Yes, LPNs can work as nurses after completing a state-approved LPN training program which usually takes about one year. LPNs perform basic patient care tasks under the supervision of registered nurses (RNs) or doctors. However, RNs have more job responsibilities and earning potential than LPNs.

Do nursing programs have clinical rotations?

Yes, all nursing programs feature some amount of clinical rotations where students gain hands-on experience working with patients under the supervision of experienced nurses. Clinical rotations are an important part of nursing education and help students develop their skills and confidence.

How much does it cost to attend nursing school in Missouri?

Tuition costs can vary widely depending on the school and program you choose, but expect to pay between $5,000 and $25,000 per year for a nursing degree in Missouri. Financial aid options such as scholarships, grants and loans may be available to help offset these costs.

What kind of jobs can I get with a nursing degree from a Missouri school?

Graduates of nursing programs in Missouri can pursue jobs in hospitals, clinics, long-term care facilities, schools, government agencies or private practices.

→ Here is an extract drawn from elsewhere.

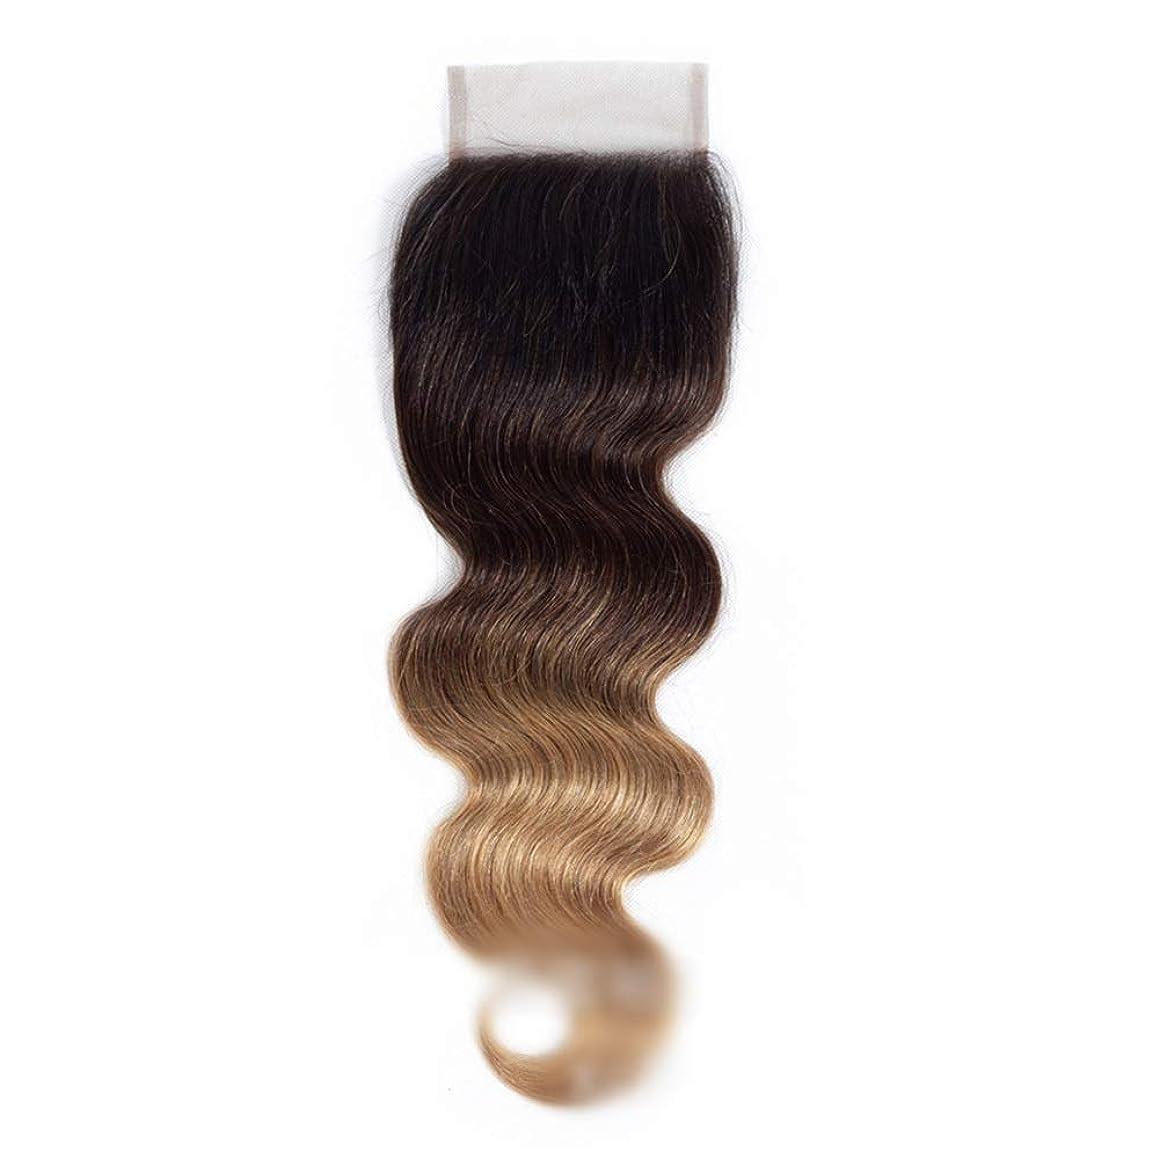 耐えられない有効な名目上のYESONEEP ブラジルの実体波人間の髪の毛の耳に4 * 4レース前頭閉鎖1B / 4/27 3トーンカラーブラウンウィッグロングストレートウィッグ (色 : ブラウン, サイズ : 18 inch)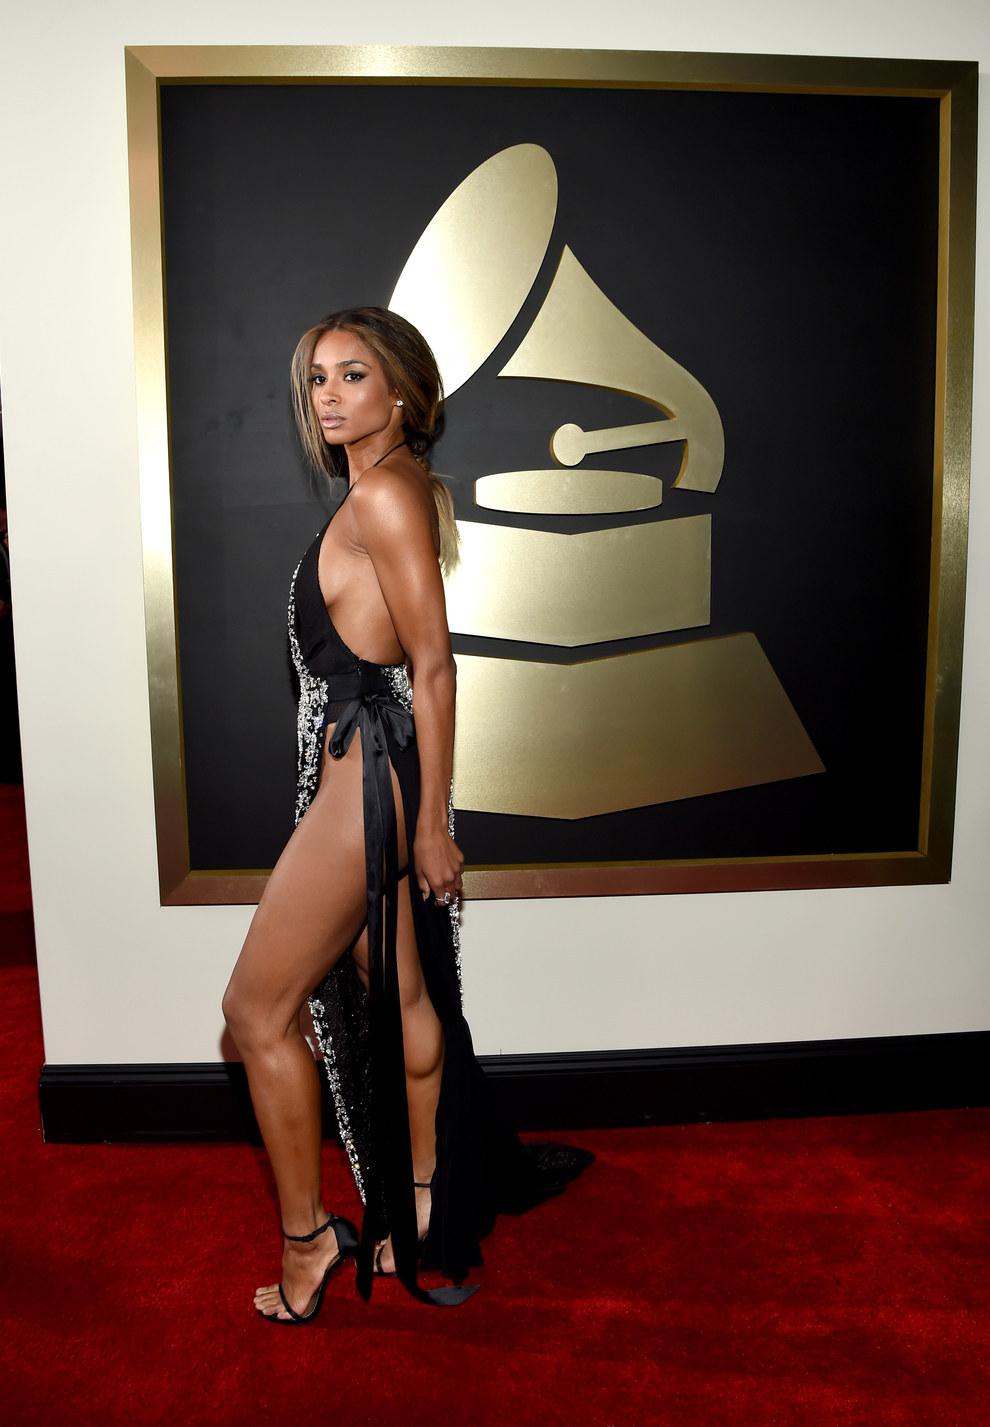 Ciara, sí hace calor en los premios pero tampoco es para ir desnuda.

Some popular job titles include registered nurse (RN), clinical nurse specialist (CNS), nurse practitioner (NP) or nurse administrator.

Are there any specialized nursing programs offered in Missouri?

Yes, many nursing schools in Missouri offer specialized programs such as pediatric nursing, geriatric nursing or psychiatric-mental health nursing that allow students to focus on a particular area of interest within the field of nursing. These programs usually require additional coursework beyond the standard curriculum for RNs or LPNs.

Can I transfer credits from one nursing program to another?

It is possible to transfer credits from one nursing program to another, but it depends on the schools involved and their accreditation status. Generally speaking, credits are more likely to transfer if the two schools have similar curriculums and accreditation by the same agency.